Felizmente pudo resistir, pero se puso a llorar. Era para ella un sufrimiento indecible. ¿De dónde podían venirle esas ideas contra su hija?

"Durante el mes de enero de 1951, estando todavía en cama, me dijo un día: «Anda a ver a B . . . Pídele que venga a verme. Estoy harta de estas payasadas. ¡Es necesario que él termine con todo esto!»

"Hice lo que me pidió. Por la noche, después de sus consultas, B . . . fué a casa. Quiso tener una conversación a solas con mi mujer.

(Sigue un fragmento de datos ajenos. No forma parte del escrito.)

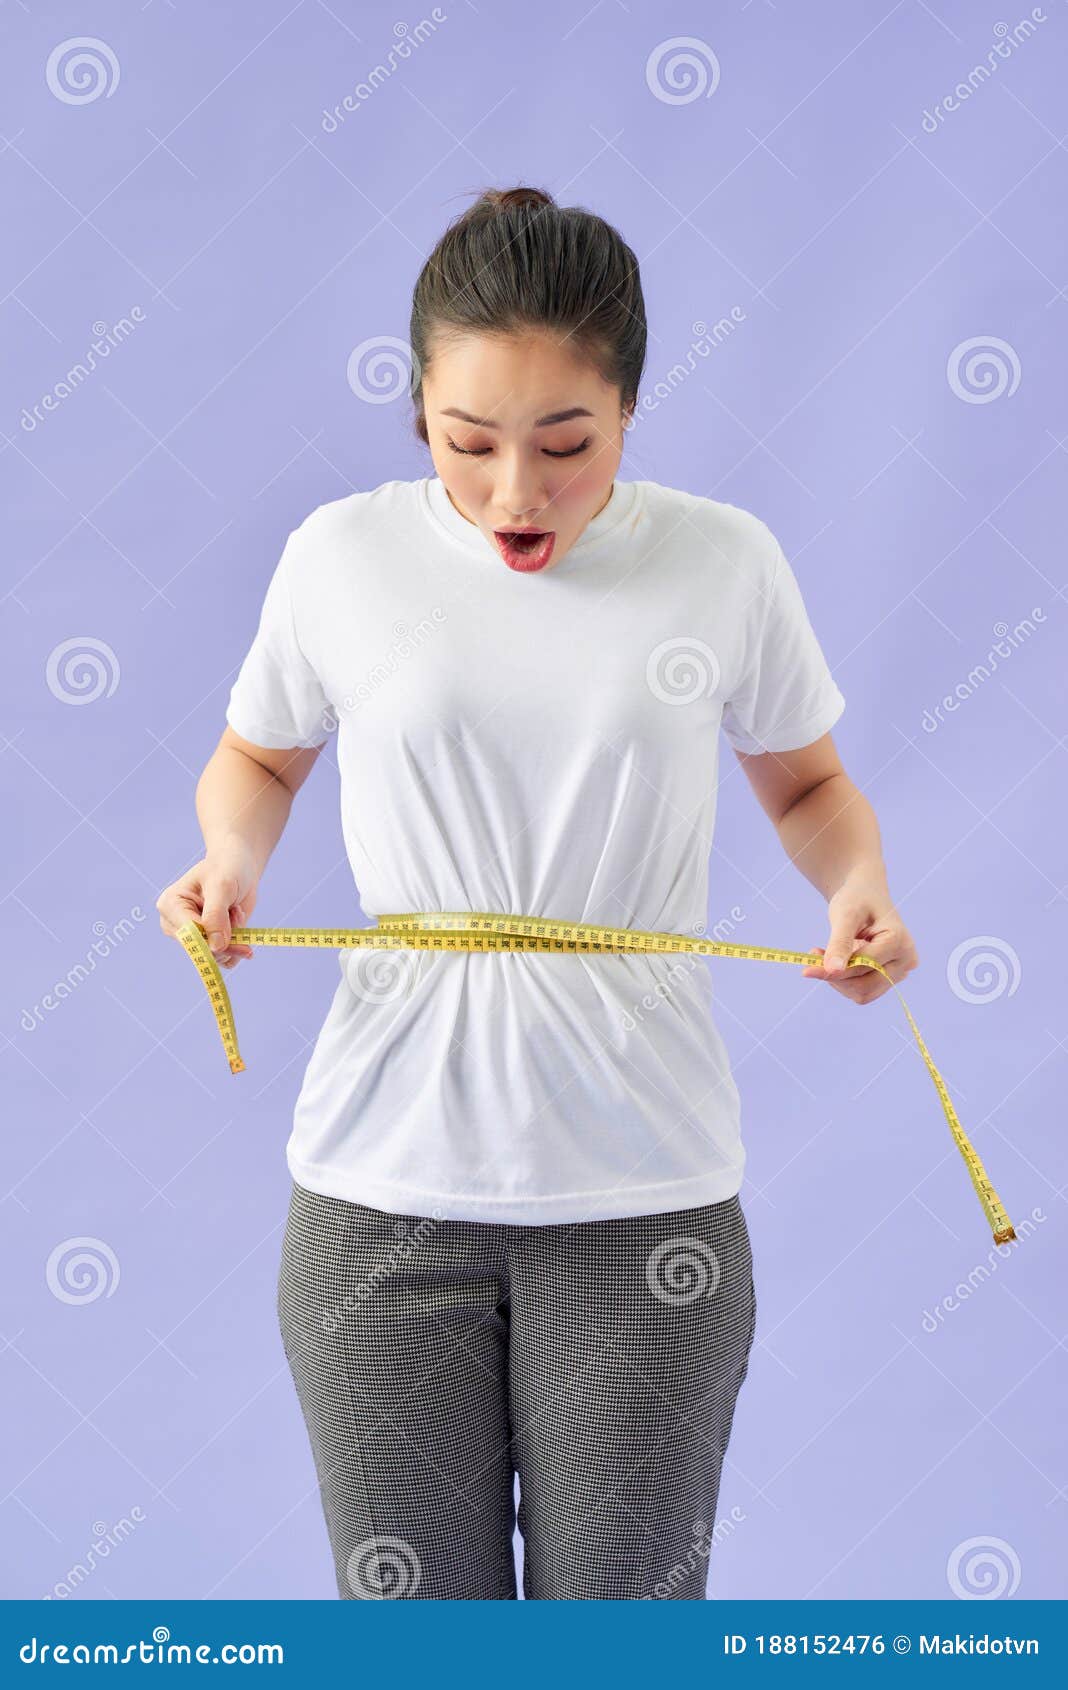 Young Woman Measuring Waist with Measuring Tape Stock Photo - Image of ...

Y le dijo, entonces, que fuera a casa de él, sola. La llevé, pues, a
casa del hombre, y la dejé sola, durante alrededor de media hora,
con él.

"Cuando salió, me pareció un poco trastornada. Le dije entonces:
«¿Qué te pasa?' ¡Estás toda rara!» —«¡Oh! —me contestó— es ese imbécil de B . . . que me ha pedido que sea su amante!» Le repliqué:

«¡Déjeme en paz, y no quiero oír hablar más de eso! . . .» "El curandero no había insistido, sobre todo porque la casa donde estaba se hallaba llena de gente. Su mujer, sin embargo, no estaba ahí. Pero el miserable no había renunciado por tan poco, como íbamos a verlo.

"El mes de enero se pasó. Mi mujer seguía mal y era siempre contra su pequeña Annie contra quien le daba. Esto se convirtió en una obsesión tan terrible que no pudo más y a principios de febrero de 1951, me dijo un día: «Sabes, es necesario que vaya a hacerme curar a J . . . Estaré más cerca de B . . . para que él me cuide y le pediré que me saque de esta situación, no puedo más, en efecto, ;y es necesario que me aleje de mi hija porque tengo miedo de cansarle algún daño!»

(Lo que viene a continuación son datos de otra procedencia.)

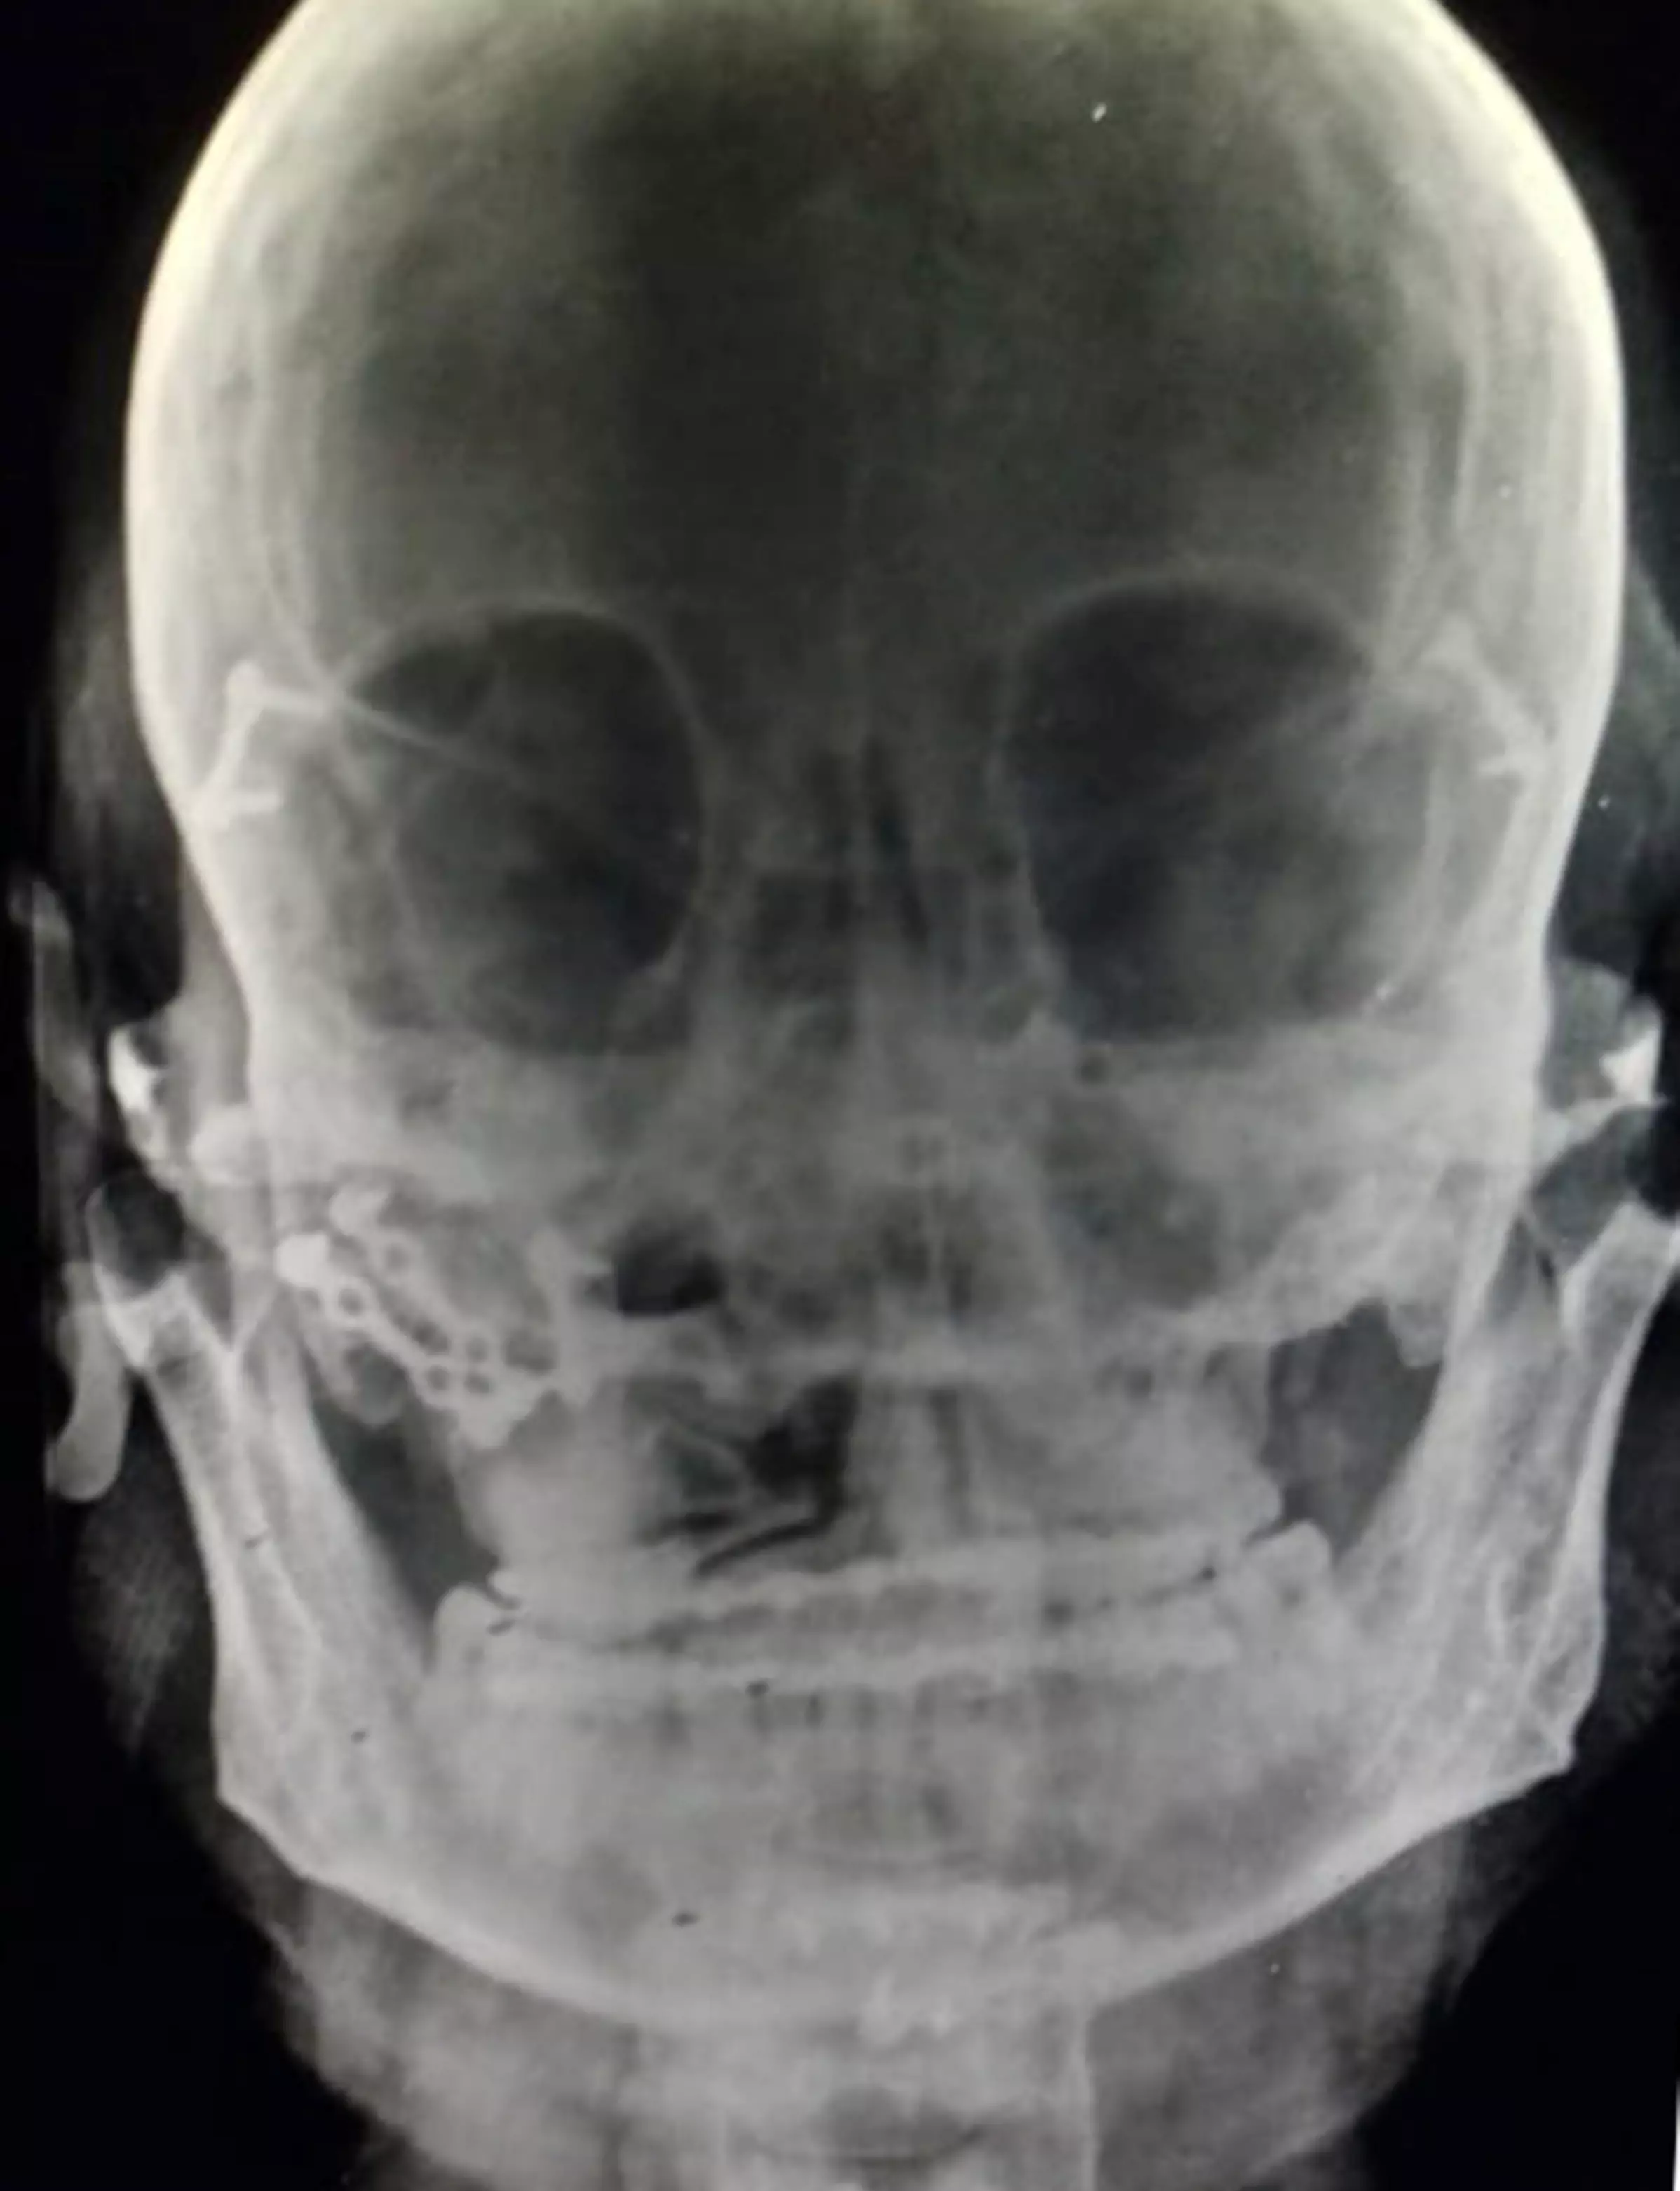 Here's an x-ray - you get the picture.

"Hemos visto bien, más tarde, que la astucia de Satán, a las órdenes de B. . . , consistía justamente en eso: el temor de mi mujer con respecto a su hija, iba a empujarla hacia B . . . que no había digerido la negativa de mi mujer, en ocasión del primer ataque.

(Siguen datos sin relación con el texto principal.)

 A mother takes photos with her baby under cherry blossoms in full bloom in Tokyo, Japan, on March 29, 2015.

"¡Crees verdaderamente —le contesté— que esto andará mejor si vas junto a ese individuo! ¡Yo no tengo demasiada confianza! "Pero como ella insistía, la llevé de vuelta al hotel donde habíamos estado antes de Navidad y la dejé sola, porque yo tenía que ir a mi trabajo. Todo se pasó en idas y venidas, hasta el martes siguiente. Mi mujer se encontraba allá desde el viernes. El martes por la mañana, lo ve entrar en su cuarto, cuando ella estaba todavía en la cama. Y, sin vergüenza, le hizo las proposiciones más innobles. Mi mujer se rebela. Le dice las palabras que convienen a un asqueroso de esa clase: «¡Déjeme tranquila —añade—; voy a contarle todo a mi marido!»

Amenazas

"Ante este nuevo fracaso, B. . . llega a las amenazas más categóricas:
«¡Si se lo dice a su marido, le pesará! ¡No me gusta que se me resistan y va usted a arrepentirse!»
"—¿Qué me ha hecho —le grita mi mujer— para que yo esté tan enferma?
"—Vamos — prosigue él encolerizado —, no soy yo quien la ha enfermado; ¡es tal vez algún farsante que le ha hecho algo . . .
" Oh! le espeta mi mujer—. ¡El farsante es usted! "Y él le contesta con una risa sarcástica:

"—¡Oh! es un hechizo que le he hecho a usted, nada más!.. . "Sin comprender bien mi mujer exclama: —¡Voy a telefonear a mi marido para que venga a buscarme esta tarde! "—¡Pues bien, yo le digo que no telefoneará y que va a quedarse aquí!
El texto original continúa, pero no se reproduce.